The combination of AIG and American General is uniquely attractive, in terms of mix of businesses and distribution channels. Furthermore, as you know, AIG has the highest ratings from all principal rating agencies and is the leading United States-based international insurance and financial services organization. As of December 31, 2000, we had total assets in excess of $300 billion and capital funds of approximately $40 billion.
AIG firmly believes in the importance of encouraging each of the companies it acquires to maintain its own identity. SunAmerica and Hartford Steam Boiler are prime examples of this decentralized approach based on respect for the acquired businesses’ management teams and clear accountability. Consistent with this philosophy, we would welcome American General as a strong, vibrant contributor to our group. In addition, this union will permit us to expand AIG's overall presence in Texas, one of the key areas of economic growth of our country. The reputation of you and your associates for commitment and hard work is a key motivation of our interest.
We intend to honor existing financial arrangements for you and your employees and look forward to exploring with you attractive opportunities for your senior management in the combined organization. Furthermore, we would anticipate your joining our board and being appointed a vice chairman.
In terms of value to your shareholders, our proposal represents a significant premium to the current value of the Prudential proposal. Furthermore, the American General shareholders will receive shares of AIG, one of the largest and most successful financial institutions in the world. With a market capitalization in excess of $190 billion, and a strong U.S. shareholder base, there will be no concern regarding flowback of shares in a transaction with AIG. As the table below illustrates, AIG’s shares have performed very well over the past several years. more
Our interest in this transaction is a reflection of our firm belief that a combination of our companies would be highly beneficial financially to both of our shareholder groups and accretive to AIG’s earnings per share.

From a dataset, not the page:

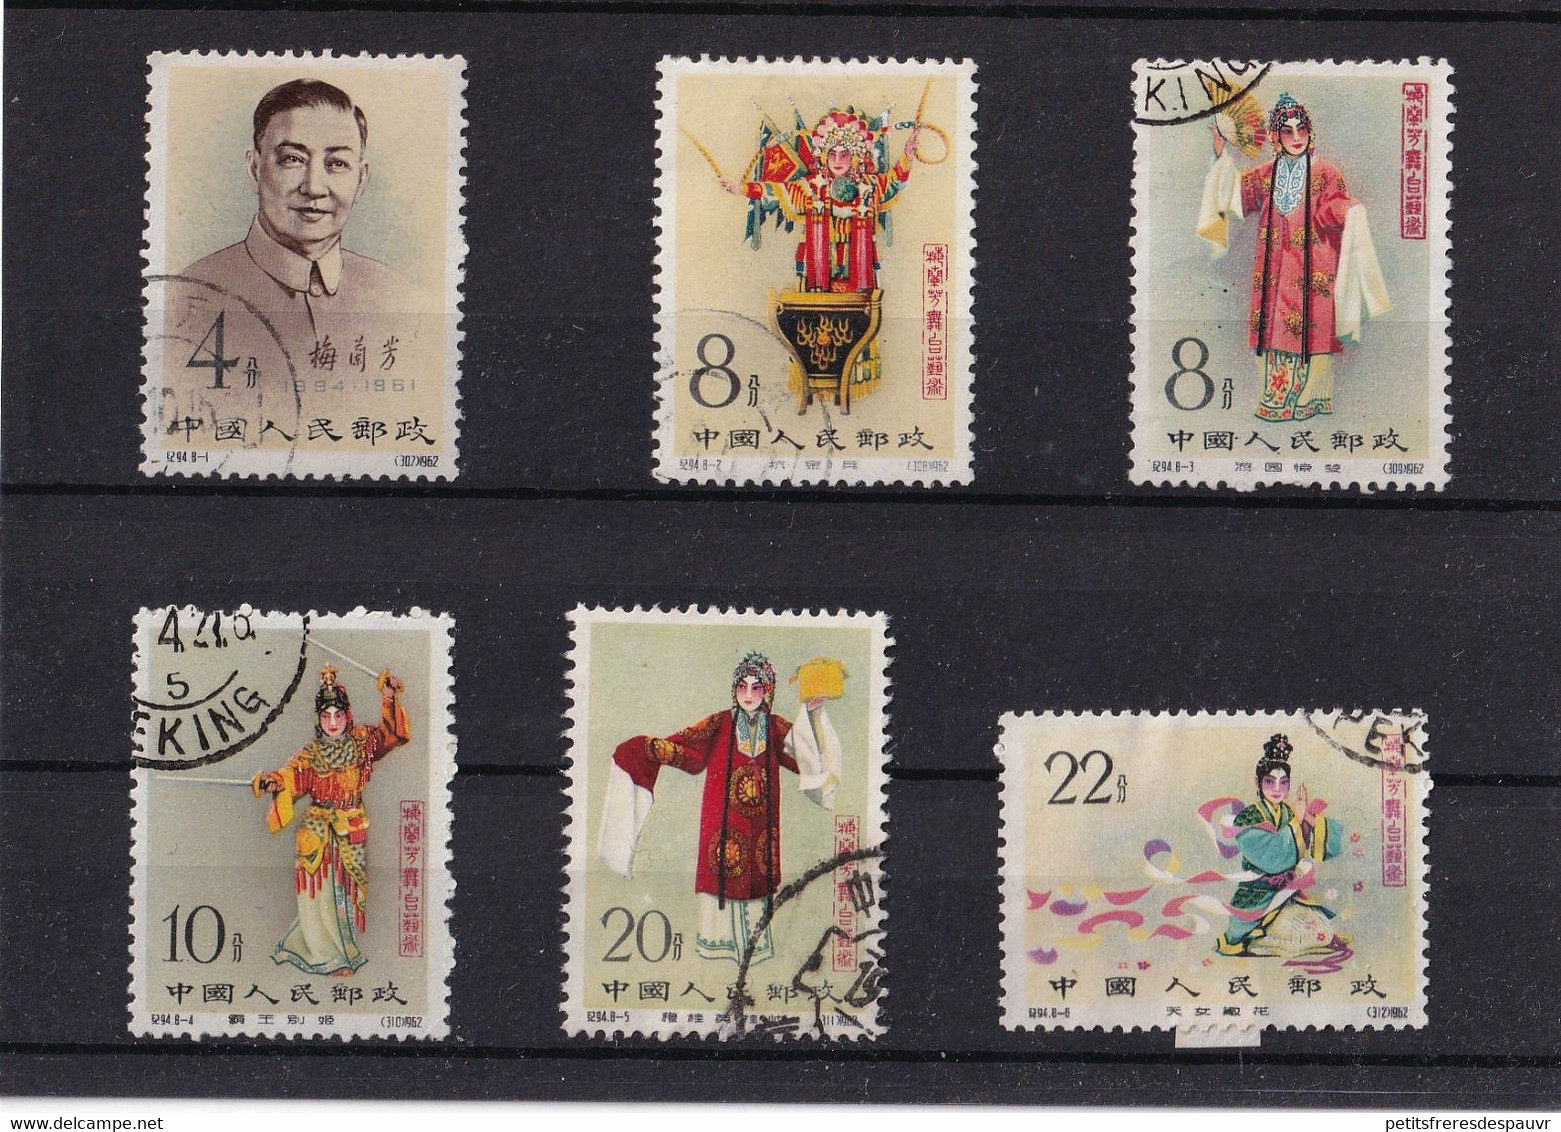 CHINA  - 1962 – Michel 648 To 653 (6 Values) – Used – Very Fine - Used Stamps
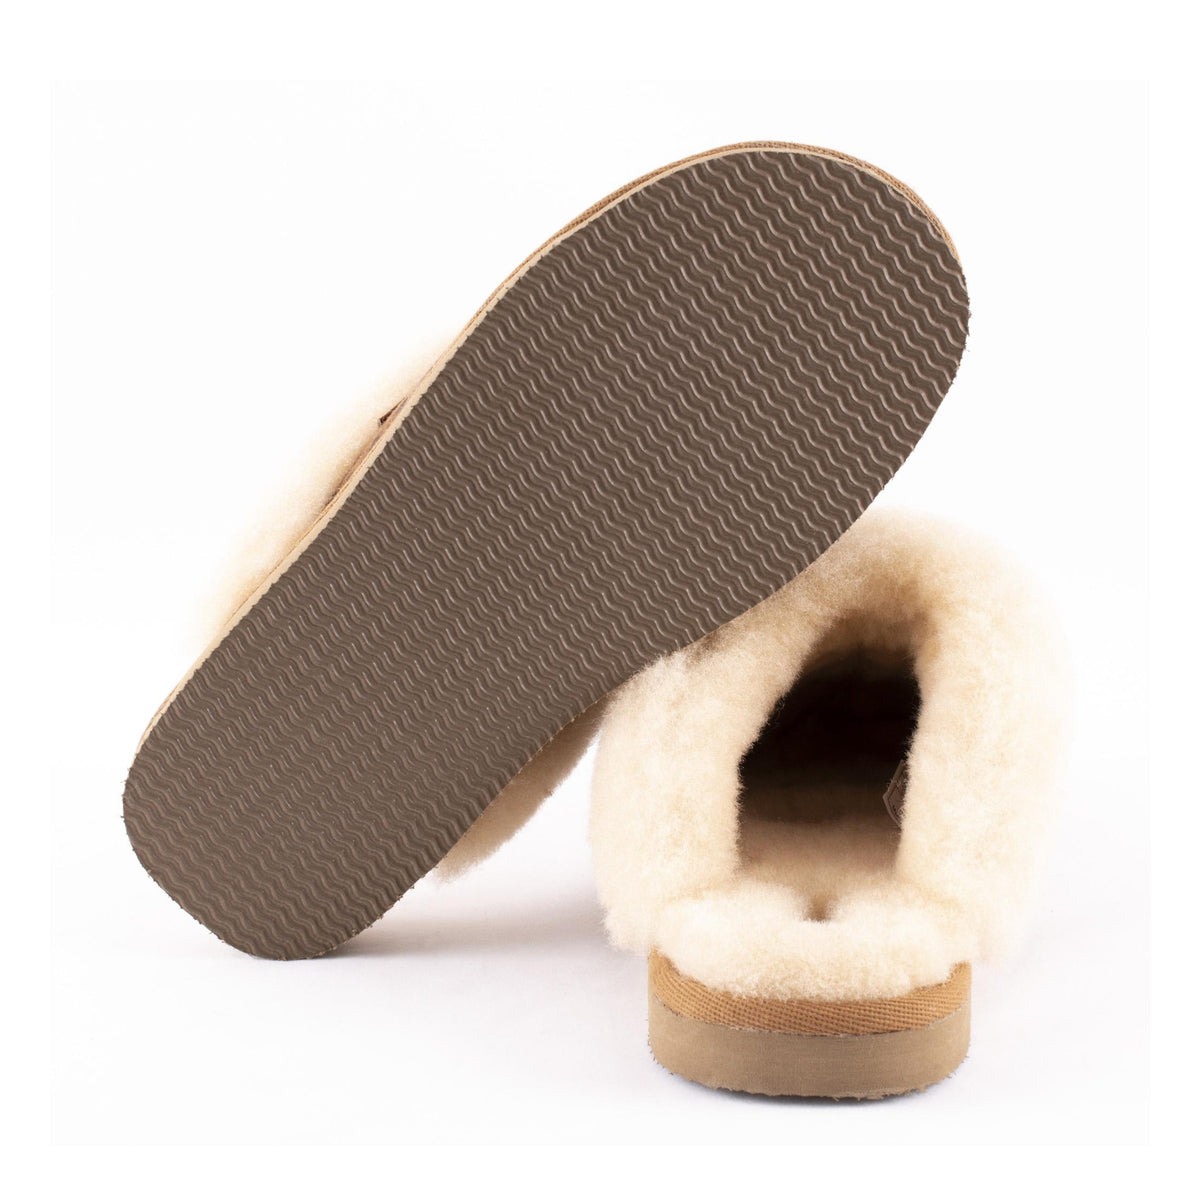 Shepherd of Sweden Sheepskin Slippers in leopard print. Available to buy from our UK independent store  Seen from underside

In sum, the transaction we are offering provides to the American General shareholders considerably greater value than the Prudential proposal, through a higher current value and the opportunity to share, as AIG shareholders, in the earnings accretion deriving from a stronger combined franchise. AIG has a history of making meaningful acquisitions, and we are intimately familiar with the regulatory approval process required to consummate the transaction and have excellent relationships with the various regulators who supervise our businesses. We expect no significant issues or undue time delays.
We are prepared to proceed forward with a definitive agreement on terms that will compare favorably with those in your agreement with Prudential. Our clear determination is to reach a three-way, resolution in a professional and constructive manner that will benefit all shareholder groups involved. We anticipate a tax-free stock-for-stock transaction accounted for as a pooling of interests.
We have engaged Goldman, Sachs & Co. and Wachtell, Lipton, Rosen & Katz to advise us in this transaction.
The entire Board of AIG has approved our proposal and has unanimously authorized us to proceed. We look forward to meeting with you as soon as possible to discuss and negotiate our proposal in greater detail so that we can achieve a prompt agreement. You can be assured that we will do everything in our power to see this transaction through to completion. We are prepared to meet immediately with you and your Board to work toward that end.